Recently, the properties of the soil microbial community have been evaluated by community-level physiological profiling (CLPP), PLFA profiles and 16S/18S rRNA genes methods15. PLFA analysis is a method that can be useful to estimate the microbial biomass and indicate the microbial physiological status. Identify of signature PLFA biomarkers of prokaryotic and eukaryotic taxa provide an outline of community structure, such as the saturates (17:0, 18:0), monounsaturates (16:1ω7c, 18:1ω7c), mid-chain branched (10Me 16:0)16. A further property of this method is that information on the overall metabolic status and stress of a community is also recovered17,18. In this study, we applied the PLFA profiles to analyse the properties of soil microbial community in subtropical karst forest ecosystem in Maolan National Nature Reserve, southwest of China. Currently, studies have focused on the changes in soil physicochemical properties and microbial biomass properties during vegetation succession in the fragile karst ecosystem19,20. However, little information is available on interactions of the microbial community and physicochemical properties at different soil depths during vegetation succession in the karst ecosystem. Karst landscape is formed from carbonate minerals and the soils are shallow, easily erosive and degenerative. The unique location and topography of the National Nature Reserve provide a succession as following vegetation transect sequence of grassland (GL), shrubs (SL), secondary forest (SF), natural forest (NF), and plantation forest (PF). Which provide a unique site for investigating the changes in soil physicochemical properties and microbial community structure. The objective was to address the following questions, (1) Following the vegetation succession, what is the change of soil physicochemical properties, microbial biomass, and microbial communities differed in different soil depths?; (2) what are the characteristics of soil microbial community in vulnerable karst areas? and (3) what are the key factors that affect the microbial community?

Results

Soil physicochemical properties

Soil physicochemical properties were significantly higher than other vegetation types at both depths in the natural forest (P < 0.05, Table 1). The contents of soil TC, TN, and SMC increased significantly at 0–10 cm soil depth with vegetation succession. Soil TC content was 3.91, 2.75, and 1.93 times higher in the natural forest than in grassland, shrub land, and plantation forest, respectively. Similar changes, in the range of 4–1.56 times were found for the TN contents, and SMC increased 0.63–0.24 times for natural forest. At the depth of 10–20 cm, soil TC and TN contents in grassland, shrub land, secondary forest, and plantation forest were comparable, but significantly (P < 0.05) lower than those in the natural forest (Table 1). The means of soil C/N ratios were similar in natural forest and grassland at two soil depths, but significant higher (P < 0.05) than for shrub land. The concentration of TP was the lowest in secondary forest soil than that in shrub land, plantation forest, grassland, and natural forest at both depths (P < 0.05, Table 1). Soil pH increased from grassland and shrub land to secondary forest and plantation forest, with natural forest exhibiting the highest value (Table 1) at both soil depths.

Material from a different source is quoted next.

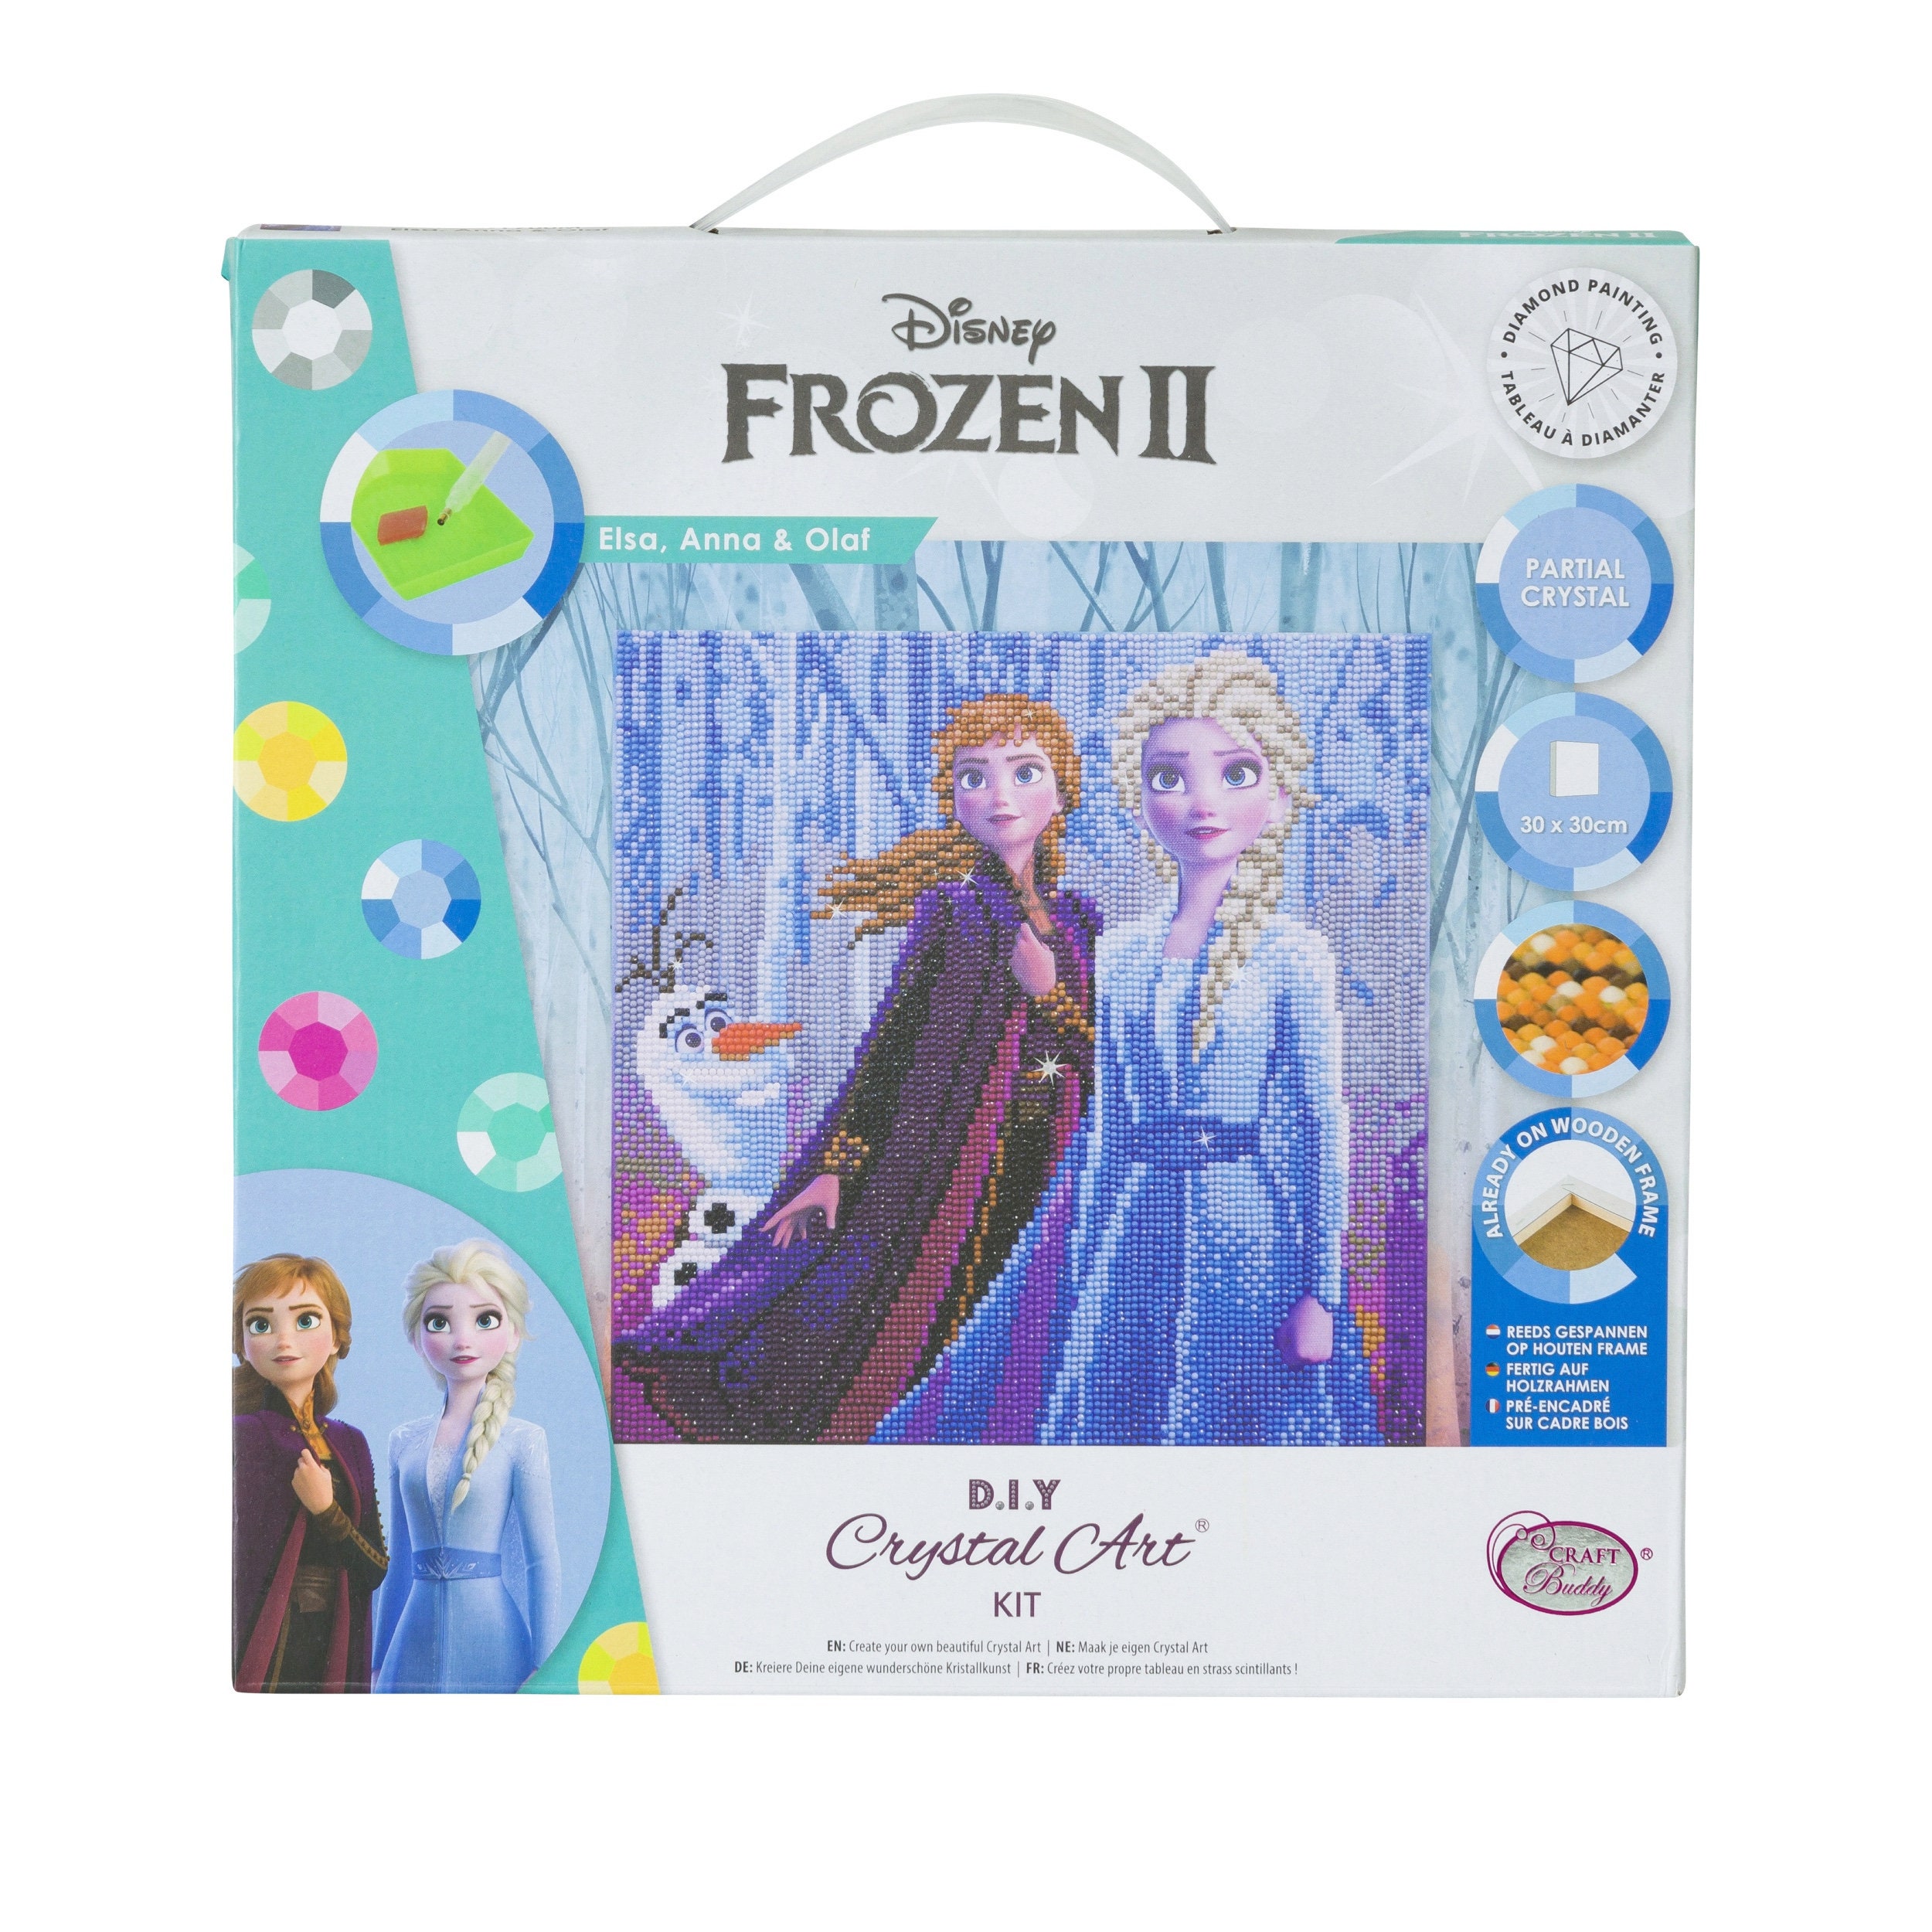 Disney Elsa Anna & Olaf Hang Art Picture by Ready X Like Hong Frozen Etsy Diamond Buddy, Kong to Cm Kit Once 30 Complete, DIY Craft Painting 30 - Crystal

Table 1 Soil physicochemical properties under five vegetation successional stages at 0–10 cm and 10–20 cm depths.

Soil microbial community structure

The highest PLFAs was found in natural forest soil among all vegetation stages at both soil depths (Fig. 1A,B). Soil microbial biomass varied difference with soil depth and vegetation succession except for plantation forest stage compared with shrub land stage. In addition, the abundances of bacterial and fungal communities were also affected by vegetation succession and soil depth. The relative abundances of GP were decreased gradually form grassland stage (19.1% and 20.1%), and secondary forest stage (18.1% and 19.4%) to natural forest stage (15.1% and 17.9%) at both depths, respectively (Fig. 1C,D). In contrast, the abundance of GN has shown an increasing trend in the range of 22.1–34.3% along the vegetation succession was obtained for the abundances of GN at two soil depths. Whilst, the ratio of GP: GN decreased from 0.71 and 0.87 in grassland to 0.44 and 0.54 in the natural forest at 0–10 cm and 10–20 cm depths. The abundances of the ACT were comparable among all vegetation stages except for natural forest at both depths.

Figure 1
figure 1

The compositions of soil microbial community at each vegetation successional stages in 0–10 cm and 10–20 cm depths in karst ecosystem. GL: grassland; SL: shrub land; SF: secondary forest; PF: planted forest; NF: natural forest; GP, Gram-positive bacteria; GN, Gram-negative bacteria; ACT, actinomycetes; AMF, arbuscular mycorrhizal fungi; F/B ratio, the fungi to bacterial ratio. (A) and (B) Representation of total PLFAs in 0–10 cm and 10–20 cm depths, respectively. (C) and (D) Representation of abundance of GP, GN and ACT in 0–10 cm and 10–20 cm depths, respectively. (E) and (F) Representation of abundance of AMF and 18: 1ω9c in 0–10 cm and 10–20 cm depths, respectively. (G) and (H) Representation of Fungi:Bacterial ratio. For the same parameter, histograms show the mean with SD bar, n = 3. Different litters indicate significant differences in the same soil depth (P < 0.05).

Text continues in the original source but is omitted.